A union officer who knowingly participates in an illegal strike and any worker or union officer who knowingly participates in the commission of illegal acts during a strike may be declared to have lost their employment status. 20 An ordinary striking worker cannot be terminated for mere participation in an illegal strike. There must be proof that he committed illegal acts during a strike. A union officer, on the other hand, may be terminated from work when he knowingly participates in an illegal strike, and like other workers, when he commits an illegal act during a strike.

In the case at bench, INPORT accepted the majority of the striking workers, including union officers, back to work. Private respondents were left to continue with the strike after they refused to submit to the “screening” required by the company.

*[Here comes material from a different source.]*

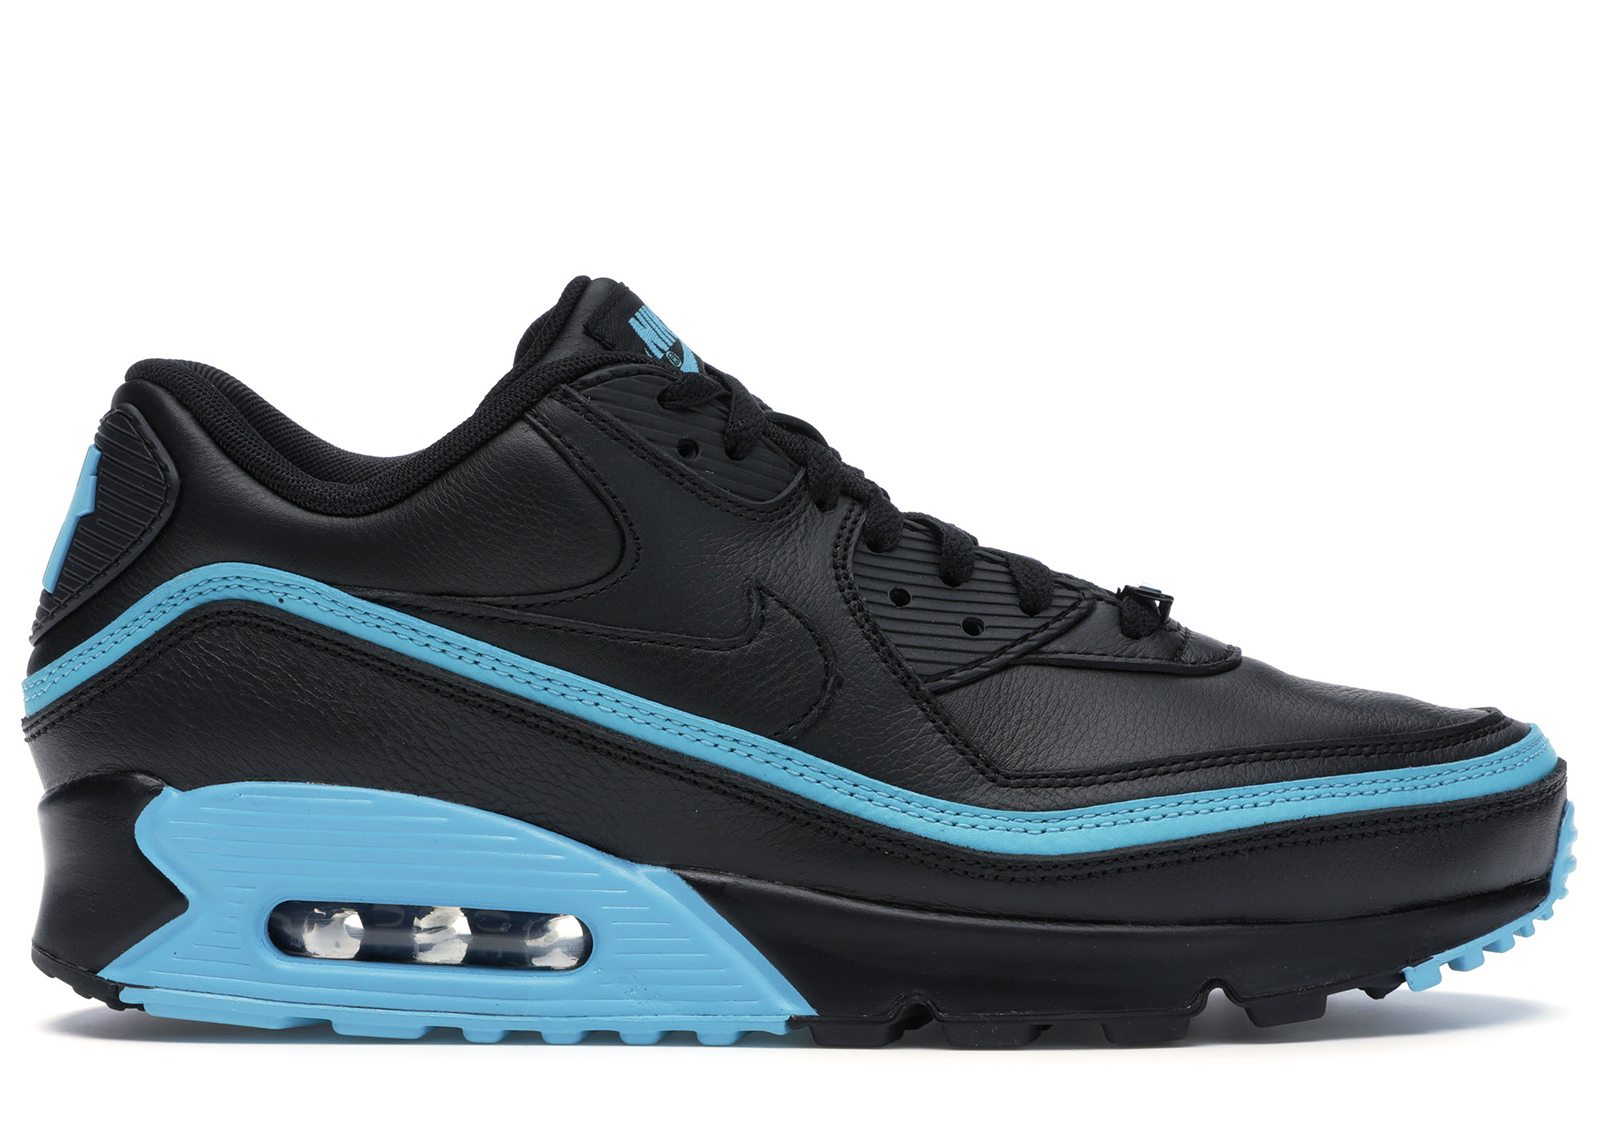 undefeated x nike air max 90 black blue fury

Under Article 264 of the Labor Code, a worker merely participating in an illegal strike may not be terminated from his employment. It is only when he commits illegal acts during a strike that he may be declared to have lost his employment status. Since there appears no proof that these union members committed illegal acts during the strike, they cannot be dismissed. The striking union members among private respondents are thus entitled to reinstatement, there being no just cause for their dismissal.

However, considering that a decade has already lapsed from the time the disputed strike occurred, we find that to award separation pay in lieu of reinstatement would be more practical and appropriate.

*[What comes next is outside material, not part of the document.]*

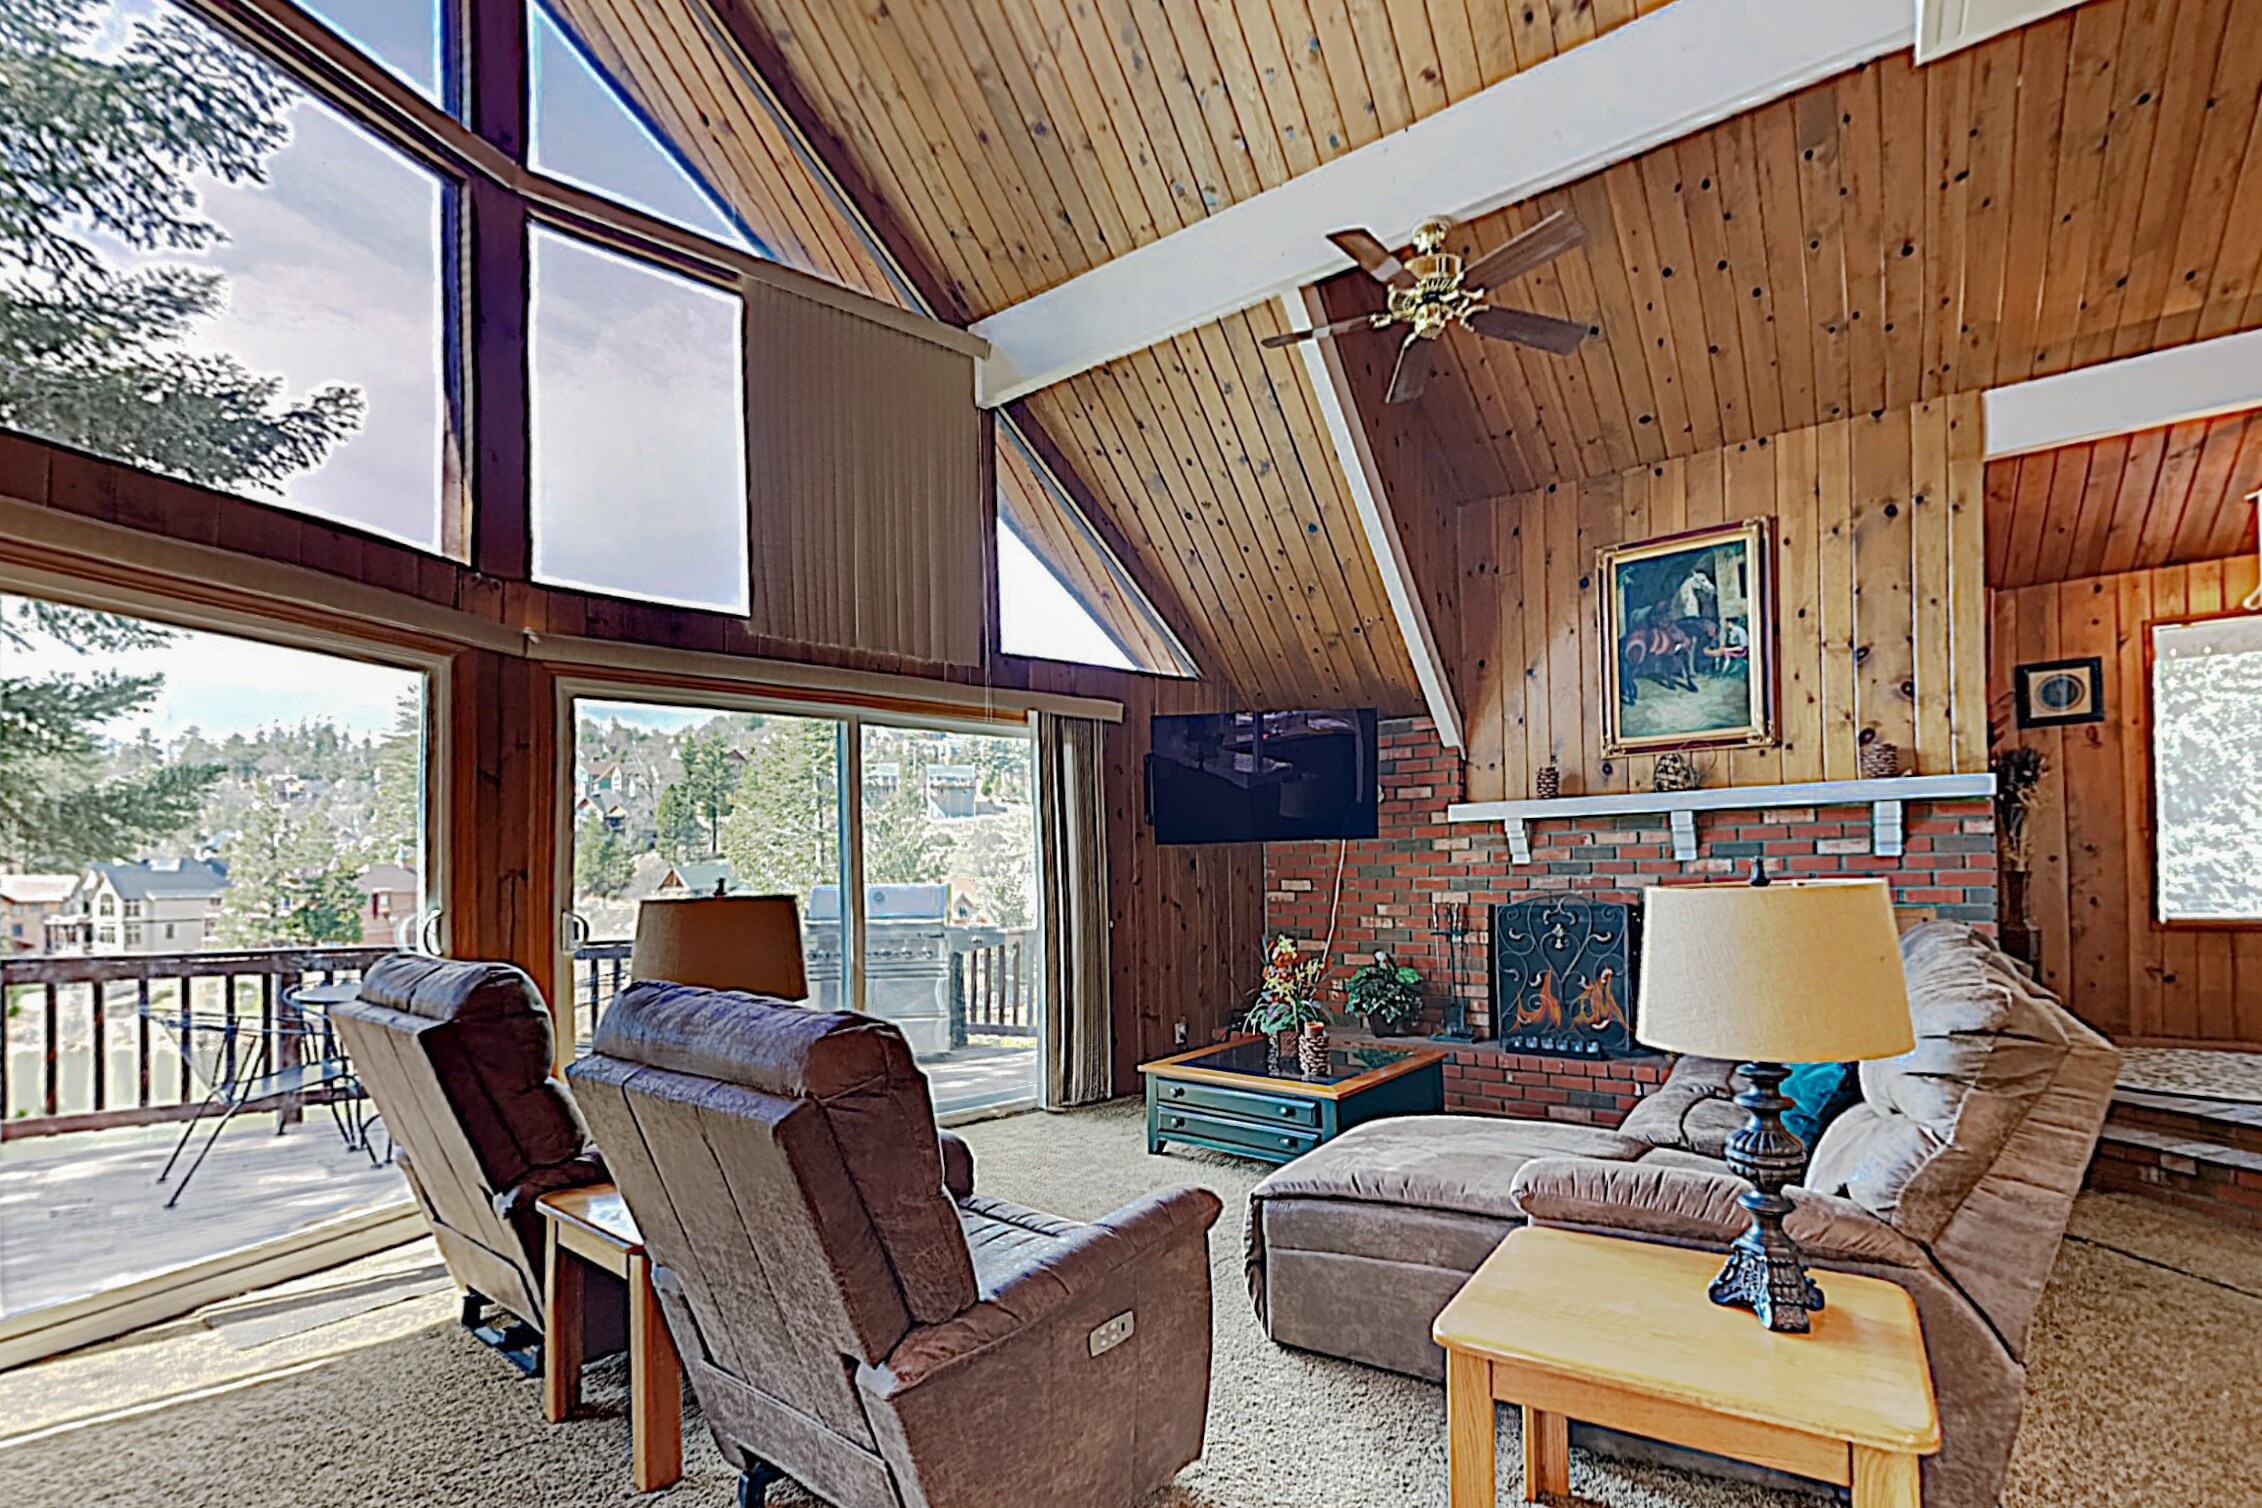 Unwind into vacation mode in the spacious living area, featuring soaring vaulted ceilings.

No backwages will be awarded to private respondent-union members as a penalty for their participation in the illegal strike. Their continued participation in said strike, even after most of their co-workers had returned to work, can hardly be rewarded by such an award.

The fate of private respondent-union officers is different. Their insistence on unconditional reinstatement or separation pay and backwages is unwarranted and unjustified. For knowingly participating in an illegal strike, the law mandates that a union officer may be terminated from employment. 34

Notwithstanding the fact that INPORT previously accepted other union officers and that the screening required by it was uncalled for, still it cannot be gainsaid that it possessed the right and prerogative to terminate the union officers from service. The law, in using the word may, grants the employer the option of declaring a union officer who participated in an illegal strike as having lost his employment. 35

Moreover, an illegal strike which, more often than not, brings about unnecessary economic disruption and chaos in the workplace should not be countenanced by a relaxation of the sanctions prescribed by law.

The union officers are, therefore, not entitled to any relief.

Dispositive: WHEREFORE, from the foregoing premises, the petition in G.R. No. 103560 (“Gold City Integrated Port Service Inc. v. National Labor Relations Commission, et al.”) is GRANTED. One month salary for each year of service until 1985 is awarded to private respondents who were not union officers as separation pay. The petition in G.R. No. 103599 (“Adelo Ebuna, et al. v. National Labor Relations Commission, et al.”) is DISMISSED for lack of merit. No costs.